__INFORMATION PROVIDED__
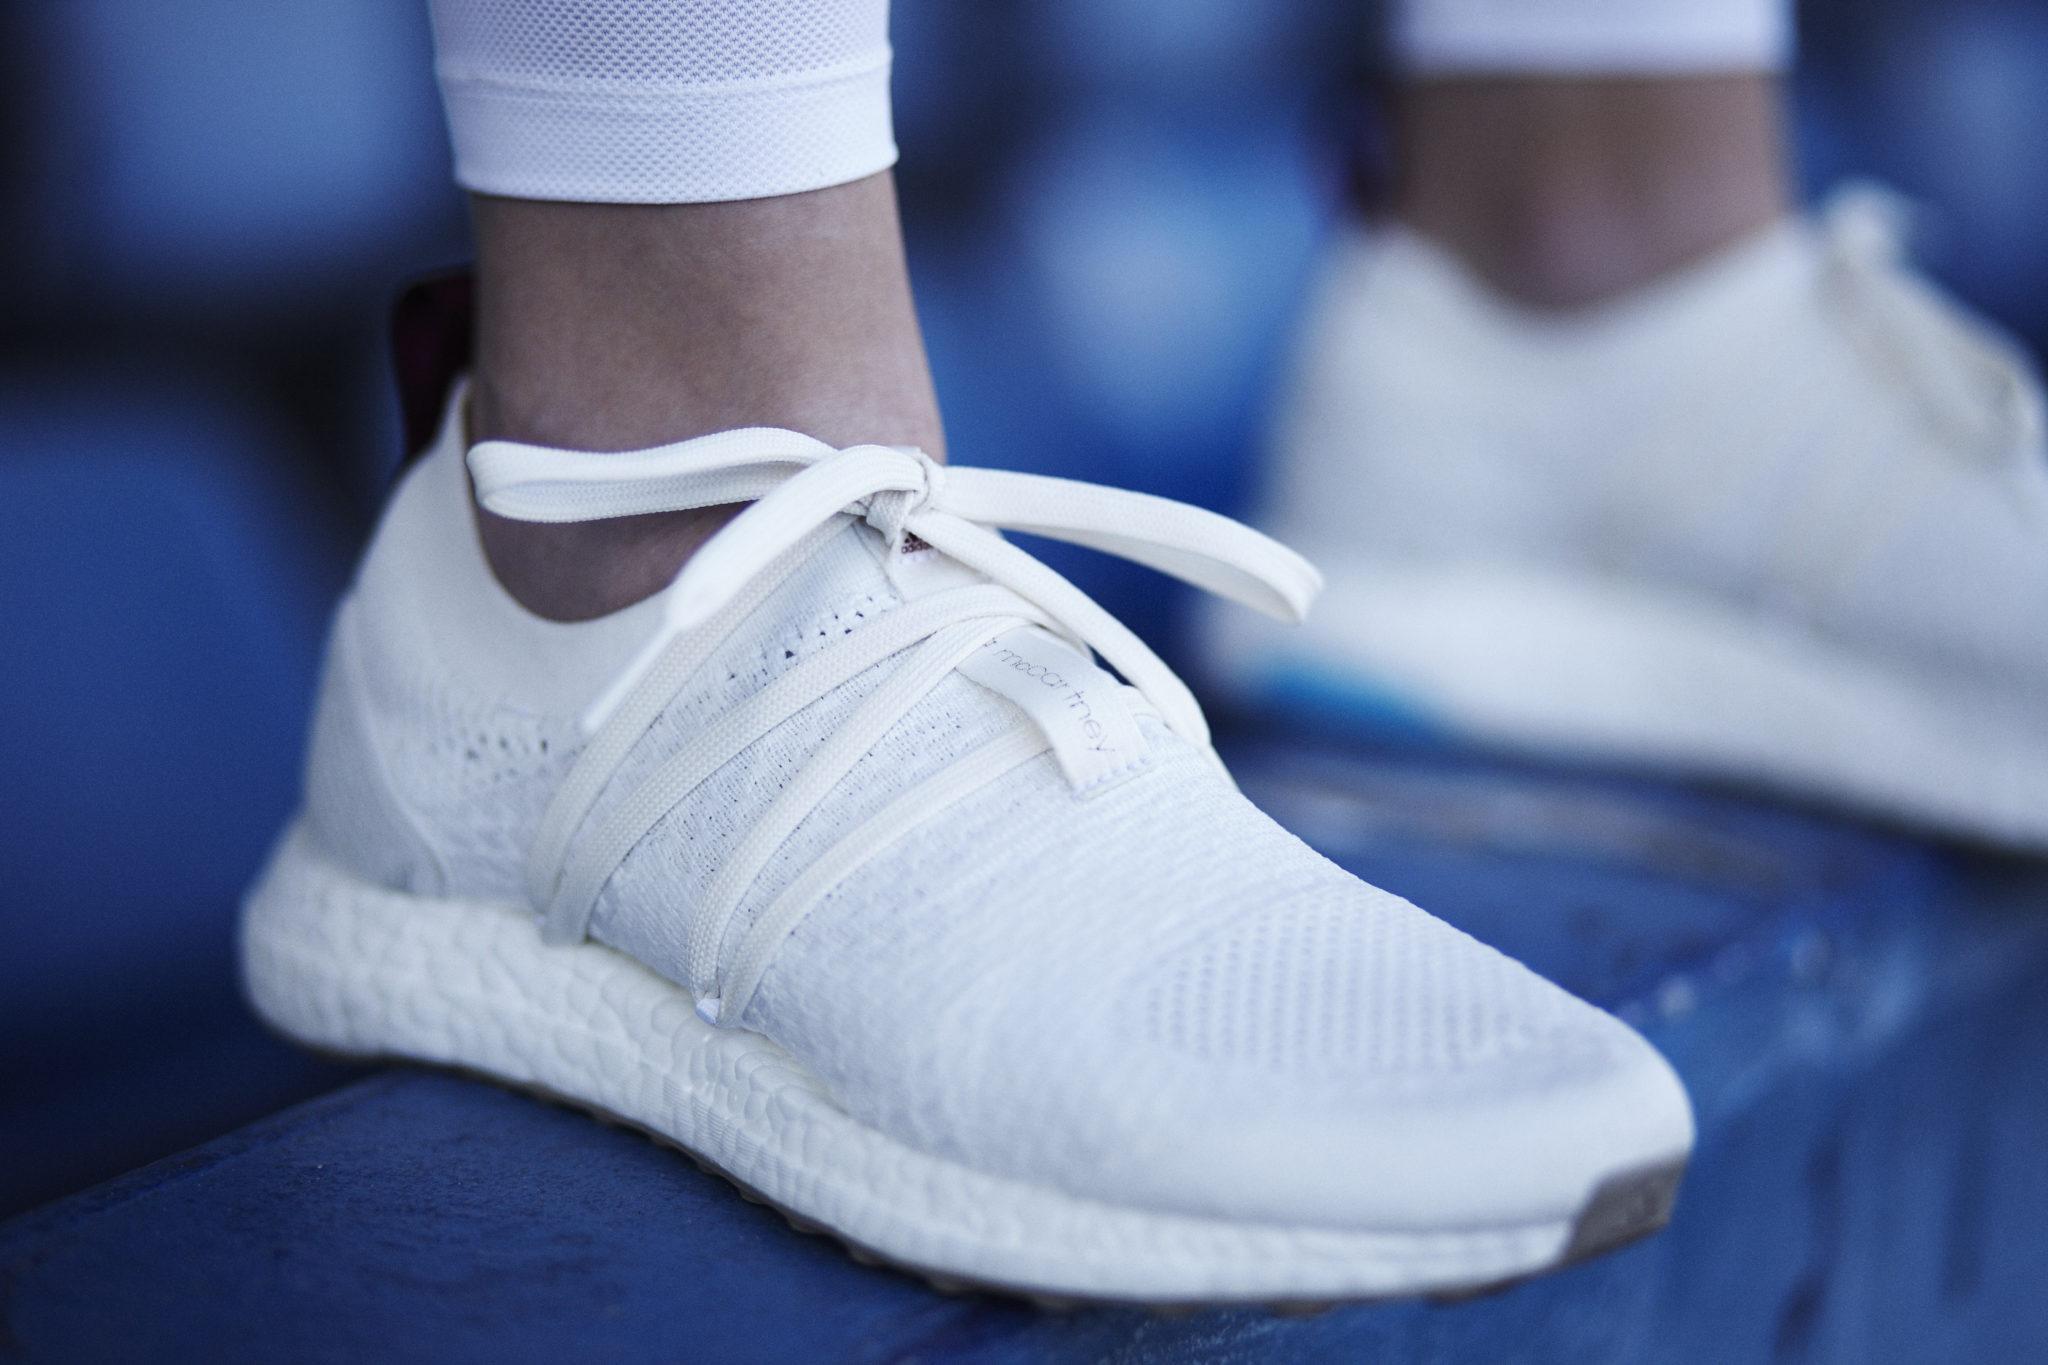 Adidas By Stella Mccartney Ultraboost Parley Sneakers
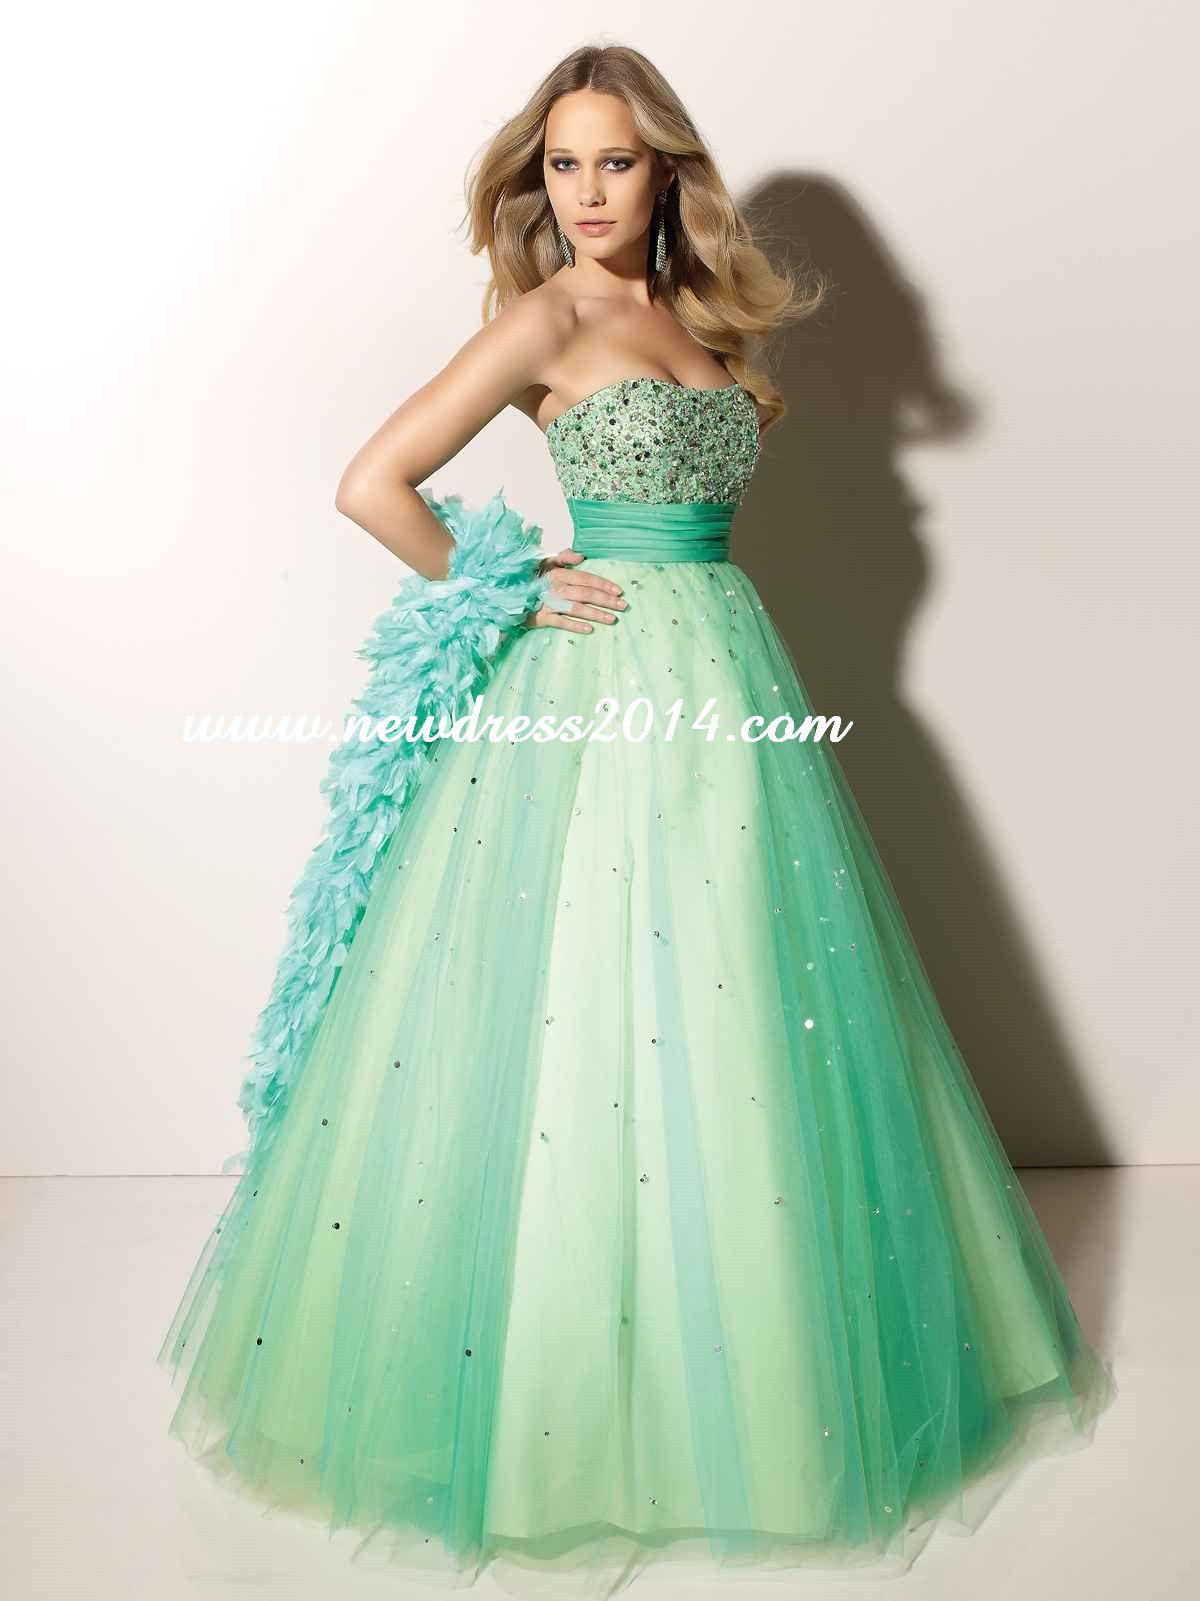 Prom dress prom dress dresses pinterest dress prom prom and
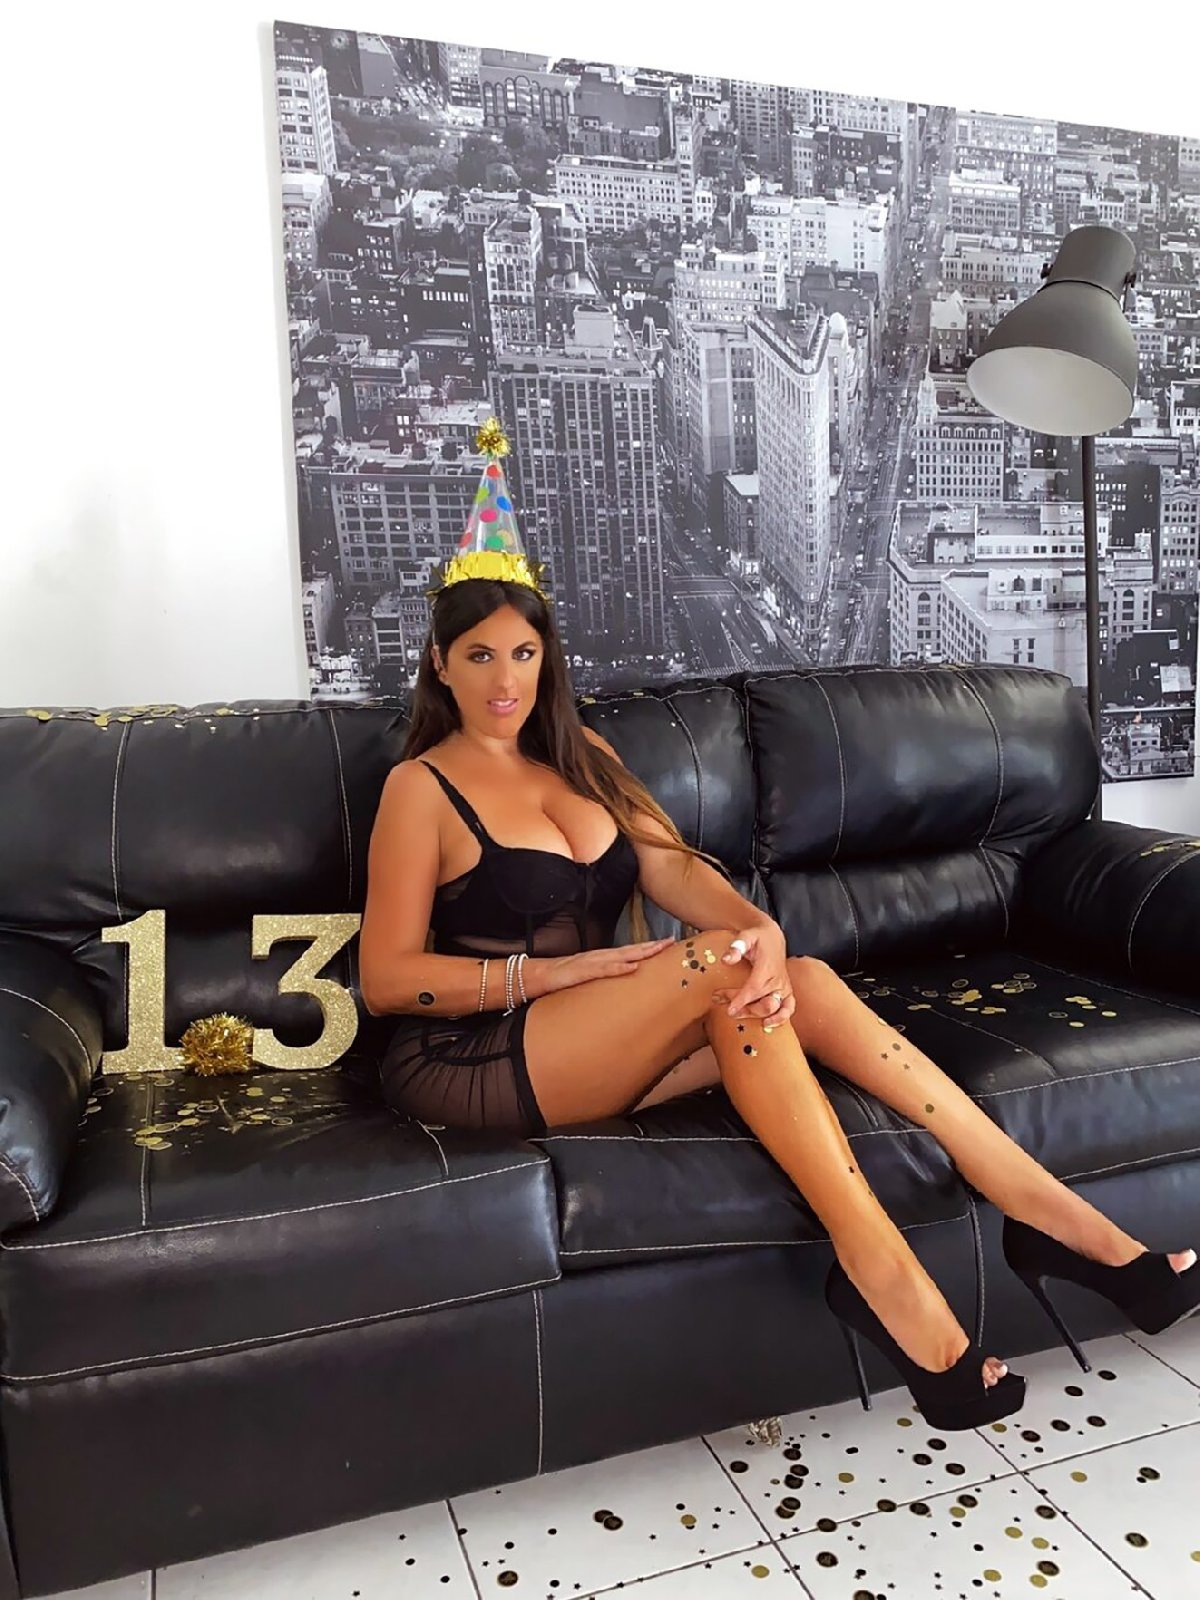 İtalyan model Claudia Romani'den 1.3 milyon takipçi kutlaması

__TASK STATEMENT__
For this exercise, transcribe the data above line by line, exactly, with pictures omitted.

__WRITTEN ANSWER__
 Adidas By Stella Mccartney Ultraboost Parley Sneakers
 Prom dress prom dress dresses pinterest dress prom prom and
 İtalyan model Claudia Romani'den 1.3 milyon takipçi kutlaması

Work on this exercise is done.